Heart rate variability
When at least 8 consecutive RR intervals are available, two time-domain HRV metrics are computed:
SDNN (standard deviation of NN intervals) measures overall variability:
\[\text{SDNN} = \sqrt{\frac{1}{n-1}\sum_{i=1}^{n}\bigl(\text{RR}_i - \overline{\text{RR}}\bigr)^2} \times 1000 \;\text{ms}\]RMSSD (root mean square of successive differences) captures short-term, beat-to-beat variability and is a marker of parasympathetic (vagal) tone:
\[\text{RMSSD} = \sqrt{\frac{1}{n-1}\sum_{i=2}^{n}\bigl(\text{RR}_i - \text{RR}_{i-1}\bigr)^2} \times 1000 \;\text{ms}\]Both metrics are converted from seconds to milliseconds and rounded to one decimal place. SDNN reflects the total power of all cyclic components acting on heart rate. RMSSD, by filtering out slow trends and retaining only successive differences, isolates the high-frequency component that is predominantly vagally mediated.
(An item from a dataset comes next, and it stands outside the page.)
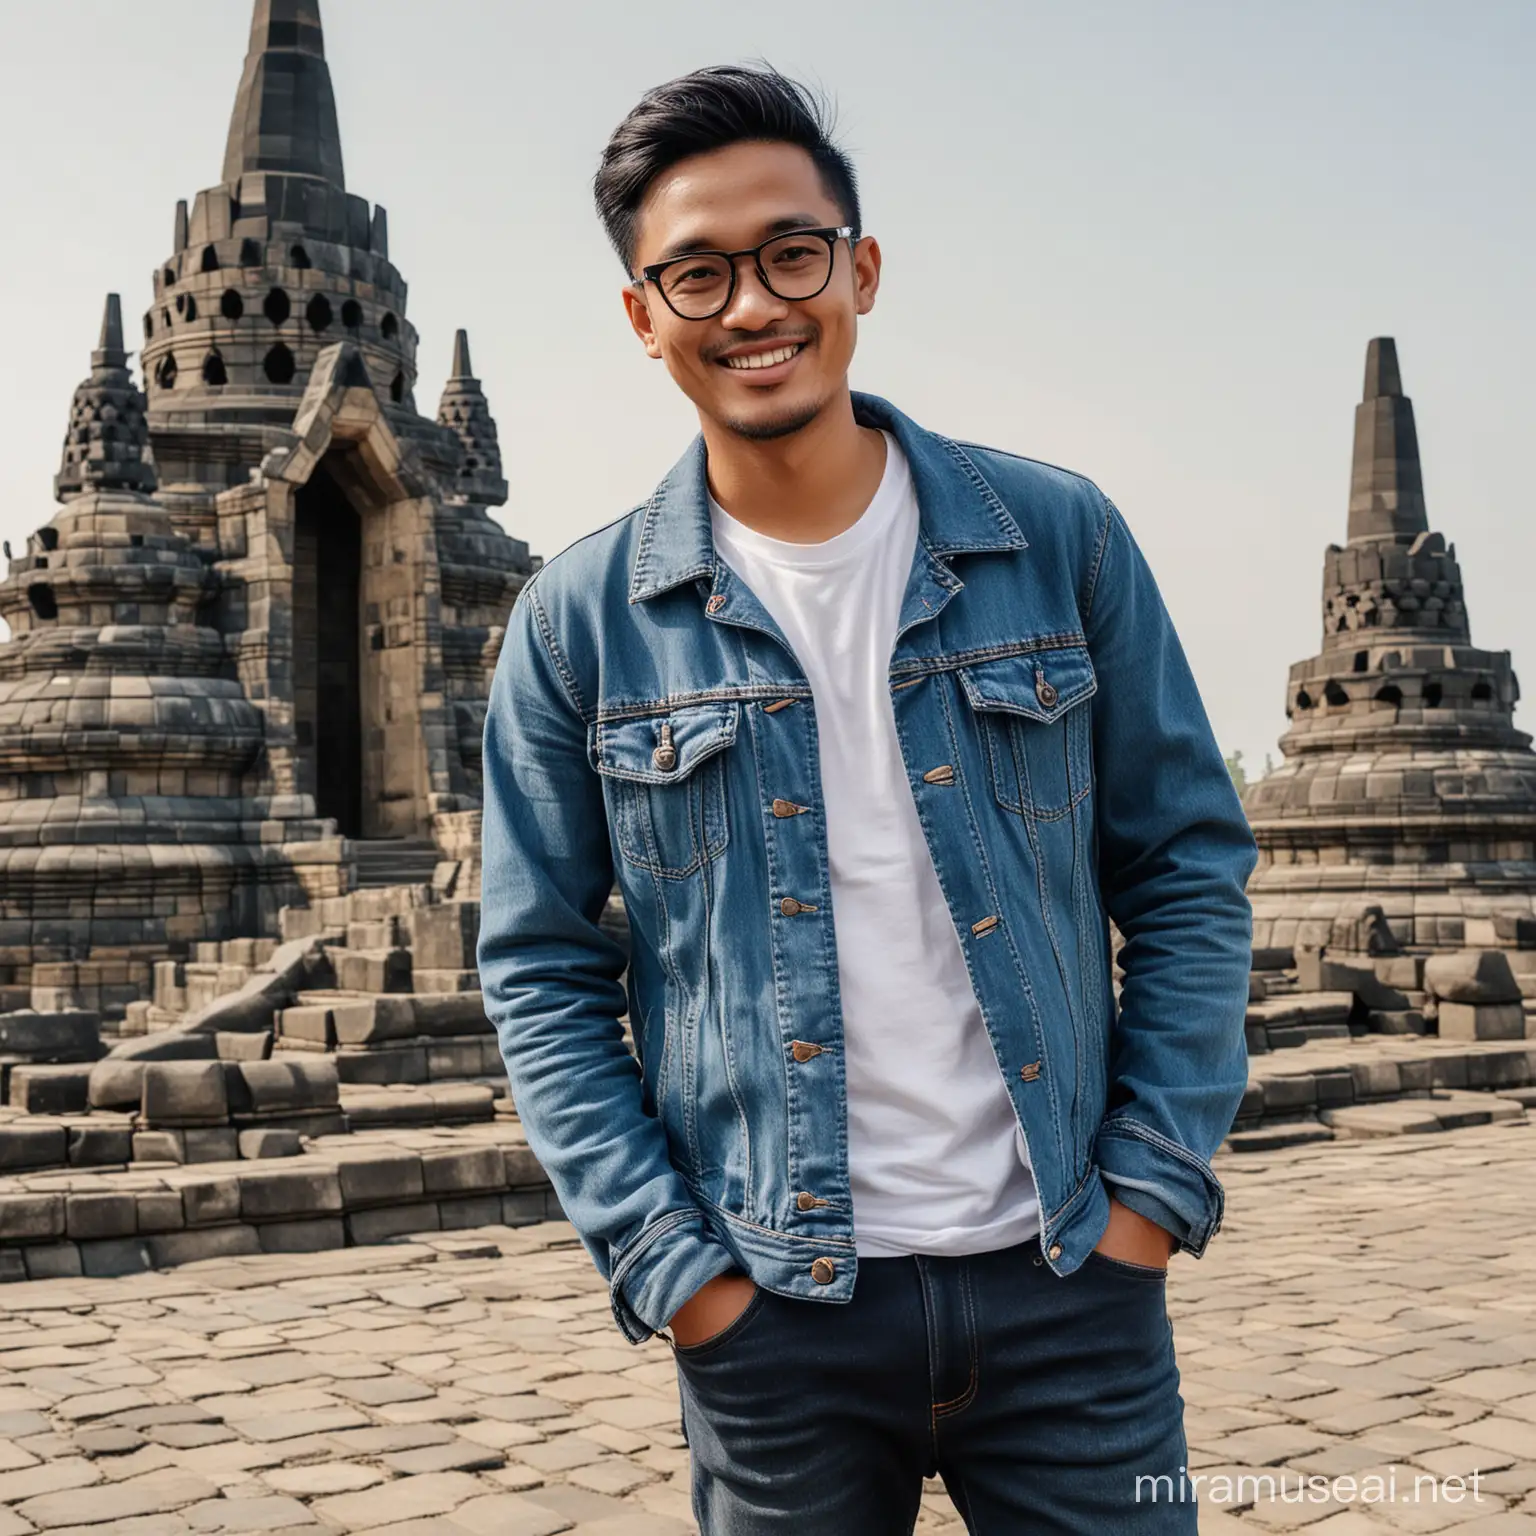 Buat gambar realistis seorang pria Indonesia berusia sekitar 30 tahun, pakai kacamata hitam, berdiri memakai kaos putih jaket jeans,  memakai jeans biru tua, sepatu sneaker warna merah (view long shot). Pria tersebut tersenyum sambil memegang kamera Nikon besar dengan lensa panjang. Latar belakang Candi Borobudur

A higher RMSSD generally indicates greater parasympathetic activity and cardiovascular fitness.
Implementation
The application is built with Svelte 5 and Vite, deployed to GitHub Pages. The camera captures at 640\(\times\)480 targeting 30 fps; the actual frame interval is measured from video.currentTime deltas and smoothed via an exponentially weighted moving average (\(\alpha = 0.05\)) of \(\Delta t\), then inverted to obtain the effective frame rate. Smoothing the interval rather than the reciprocal avoids the bias from Jensen's inequality (\(E[1/X] \neq 1/E[X]\)). This measured rate is used as the sample rate for all spectral analysis, and all animation timing (cardiac oscillator, blend ramps, breath smoothing) uses per-frame \(\Delta t\) directly, so the pipeline adapts to devices that cannot sustain a constant frame rate. The main frame loop runs via requestAnimationFrame, with face detection every 3 frames and vitals computation every 60 frames. A 150-frame calibration period stabilizes the IIR filter states and allows the spatial beamformer to accumulate its initial correlation history before measurements begin. Face tracking has a 500 ms grace period before clearing ROIs on momentary detection drops. If the face is lost for more than 10 seconds, all signal buffers, filter states, beamformer weights, and the cardiac phase oscillator are reset and calibration restarts. A camera shake detector tracks the forehead ROI centroid between detection steps: the frame-to-frame displacement (in normalized coordinates) is smoothed with \(\alpha = 0.15\), and if the smoothed jitter exceeds 1.2% of the frame dimension, vital sign readouts are hidden until the camera stabilizes.
The WebGL2 renderer uses RGBA8 textures with LINEAR filtering and CLAMP_TO_EDGE wrapping. The video frame is uploaded to a texture each frame via texImage2D. All signal processing (POS, FFT, autocorrelation, peak detection, Kalman filter, spatial beamforming) runs on the main thread in pure TypeScript with Float64Array arithmetic. The FFT uses in-place Cooley-Tukey with bit-reversal permutation, and the bandpass filter operates in the frequency domain (forward FFT, zero out-of-band bins, inverse FFT). Both heart rate and breathing rate use a dual-estimator approach, running FFT spectral analysis and time-domain autocorrelation in parallel and fusing the results by agreement. No external signal processing libraries are used.